A federal prosecutor said Hells Angels motorcycle gang members plotted a deadly attack on a rival gang, showing jurors a security video of leather-clad bikers wielding guns, knives, hammers and chairs in the bloody brawl at a southern Nevada casino.
Defense lawyers for the 11 Hells Angels have said their client were attacked first in the April 27, 2002, melee that left three people dead and at least a dozen injured. Each has pleaded not guilty to charges stemming from the brawl, which was recorded from at least a half-dozen angles by the Harrah's Laughlin hotel-casino's surveillance cameras.
They are the first of 42 men from California, Washington, Arizona, Alaska and Nevada, and ranging in age from 28 to 63 to stand trial in the brawl. All face the possibility of life in prison if convicted of the most serious charge, racketeering-attempted murder.

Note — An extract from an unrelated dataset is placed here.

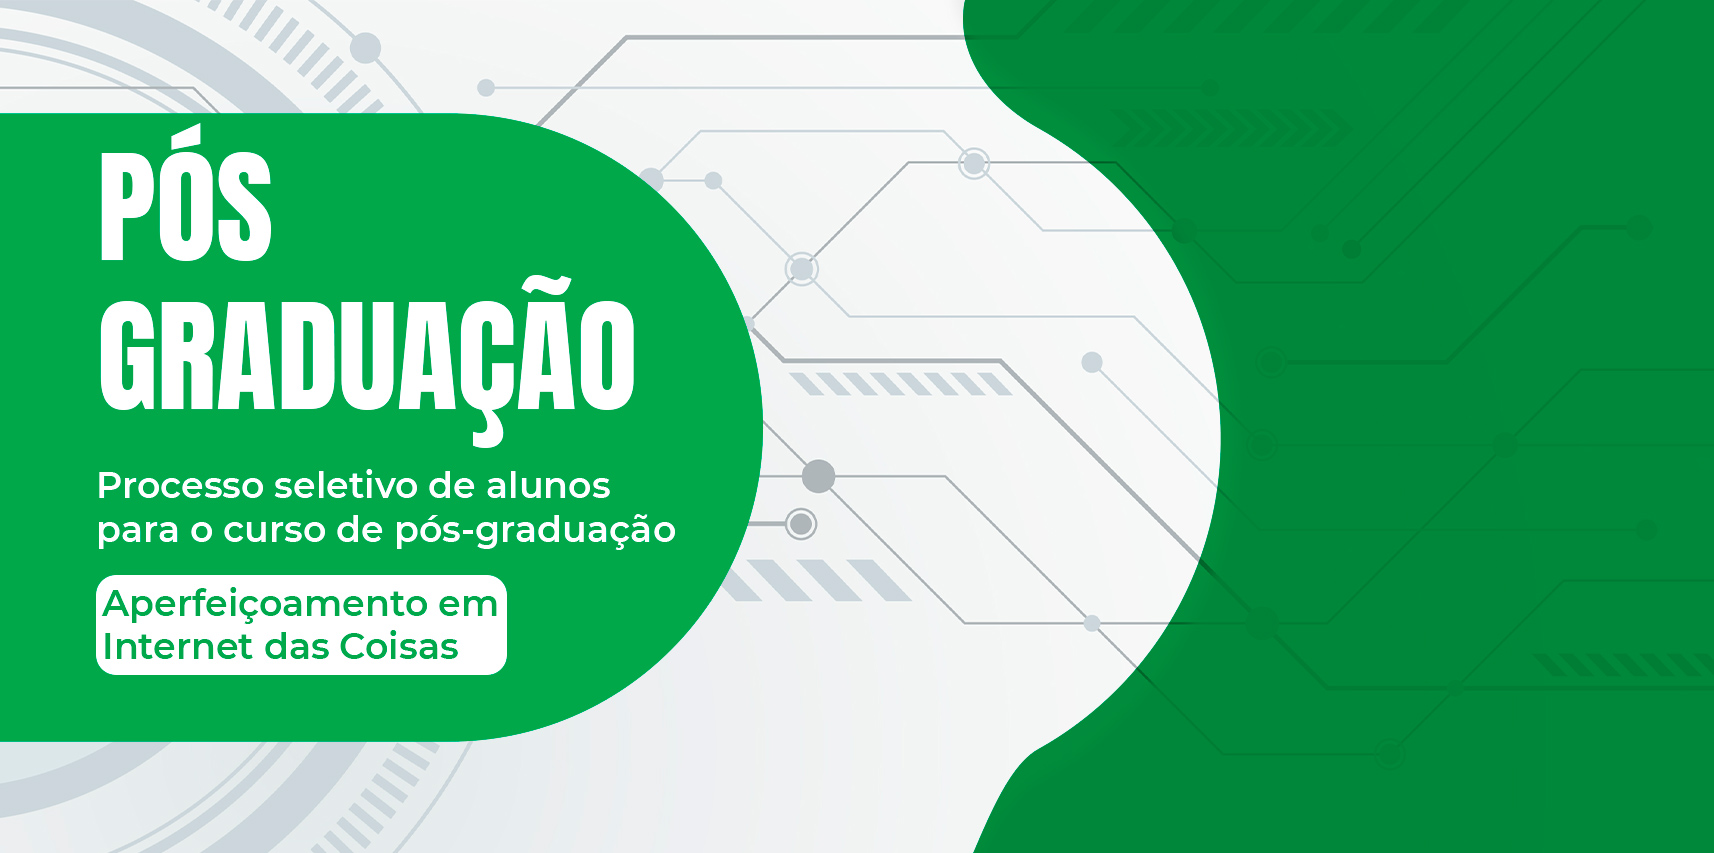 Unac e Ifes lançam processo seletivo para curso de Pós-graduação em Internet das Coisas para Vargem Alta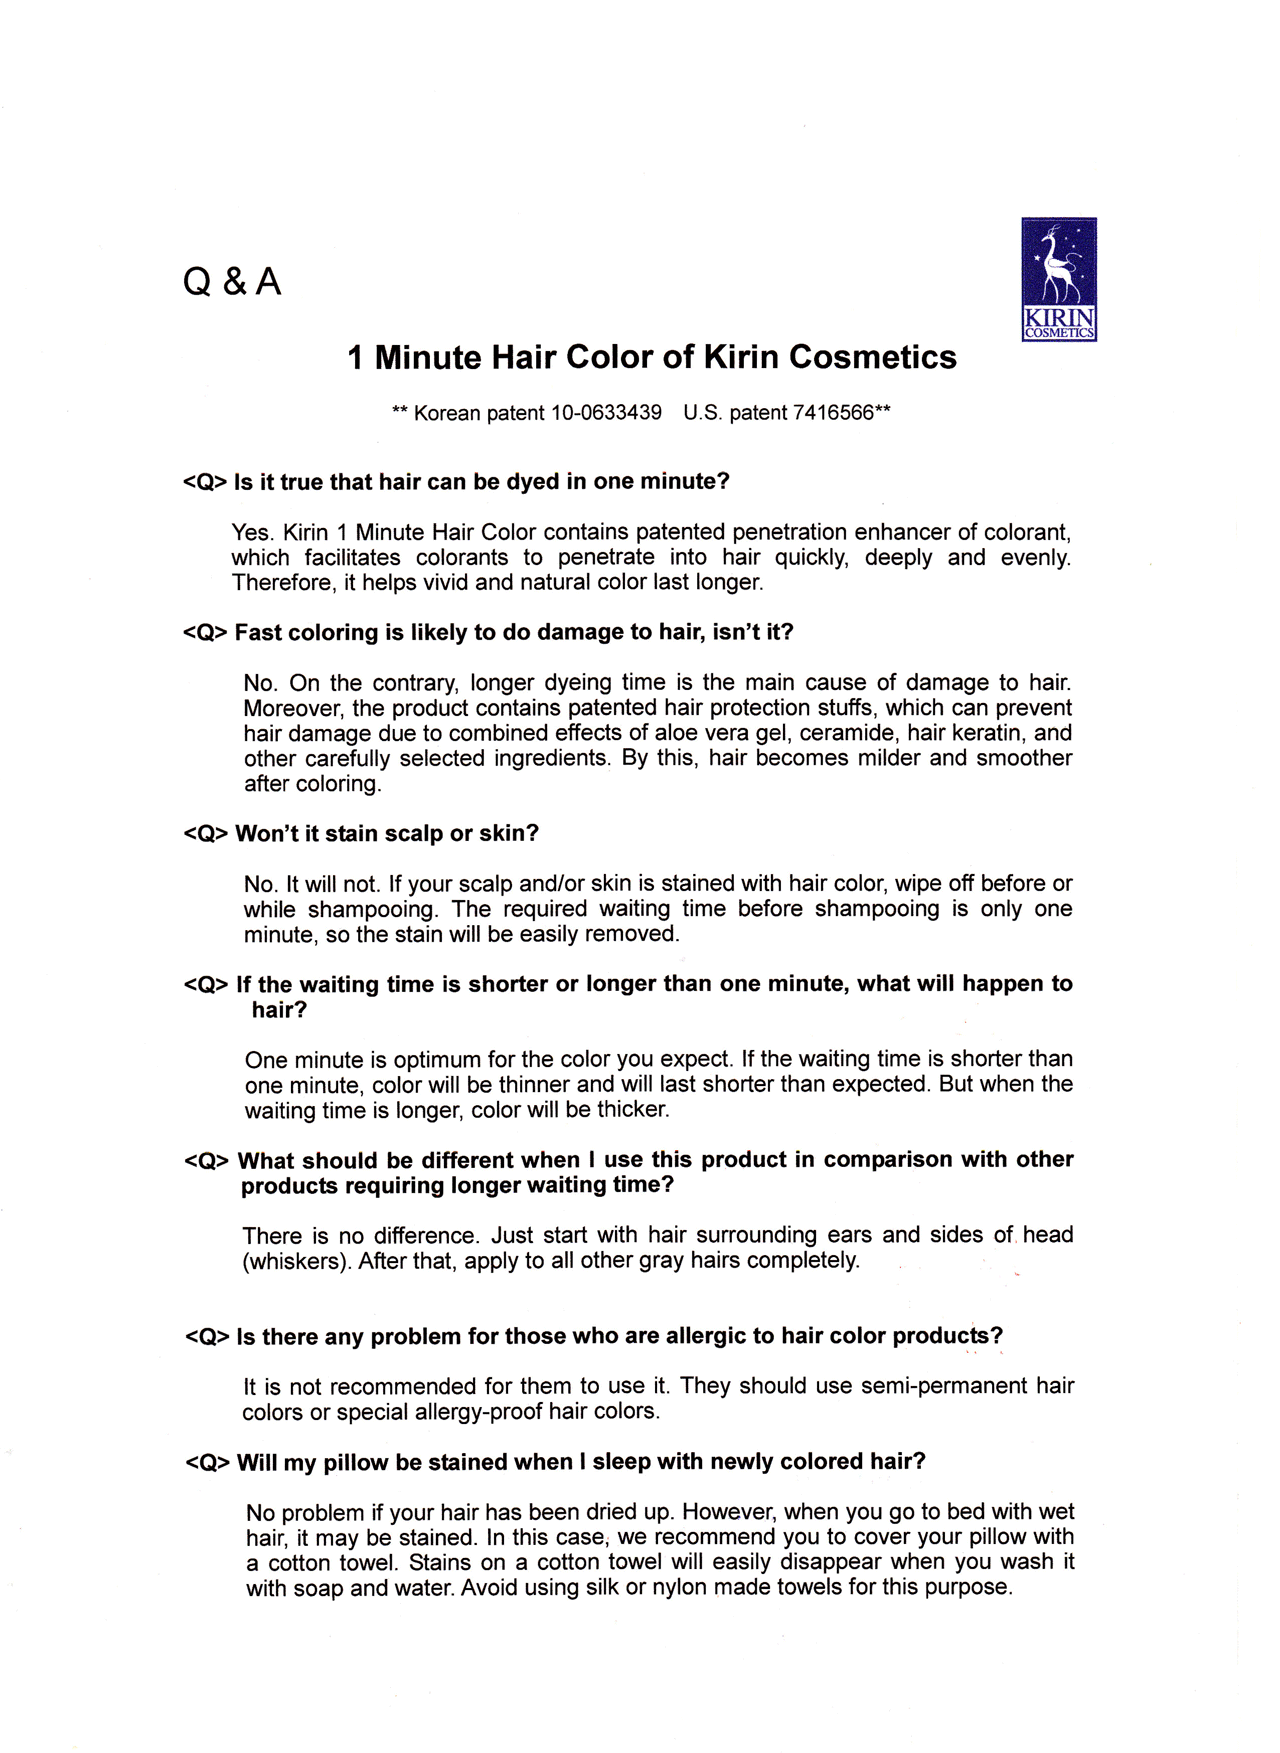 1분 염색에 대한 Q&A (영어) [첨부 이미지1]

"This wasn't self-defense," Assistant U.S. Attorney Eric Johnson told the jury Tuesday, the first day of the trial. "Tensions were high. The Hells Angels, as a group, brought the fight to (the Mongols) at the hotel."
Johnson promised a broad prosecution of what he called "essentially a cult," with a disciplined and merciless gang structure based on drug-running, turf warfare and violence.
The prosecutor relied heavily on repeated loops of video enhanced by zooming in and other special effects. Arrows were superimposed to follow individuals through the seething mass of leather vests who battled amid rows of glittering casino slot machines. Technical glitches interrupted him several times.
Gang members on both sides are shown pointing and firing guns. Others punch, stab and kick each other. One Hells Angels member wearing a black helmet and sunglasses clobbers a passing Mongols member in the head with a wrench.
Each of the 11 Hells Angels sat quietly in court, most wearing shirts and ties and subtle gang markers. Some wore long hair in ponytails. One wore a belt bearing the words "Hells Angels." Another wore an earring with the club's trademark death's head wing, reports AP.
"Openings are one-sided," said defense lawyer, Tom Pitaro, who showed colleagues outside court a poster-sized photo of a Hells Angel from Stockton, Calif., who was shot and killed in the casino brawl.
"In the next couple of days, we'll answer," Pitaro said. "We'll explain everything."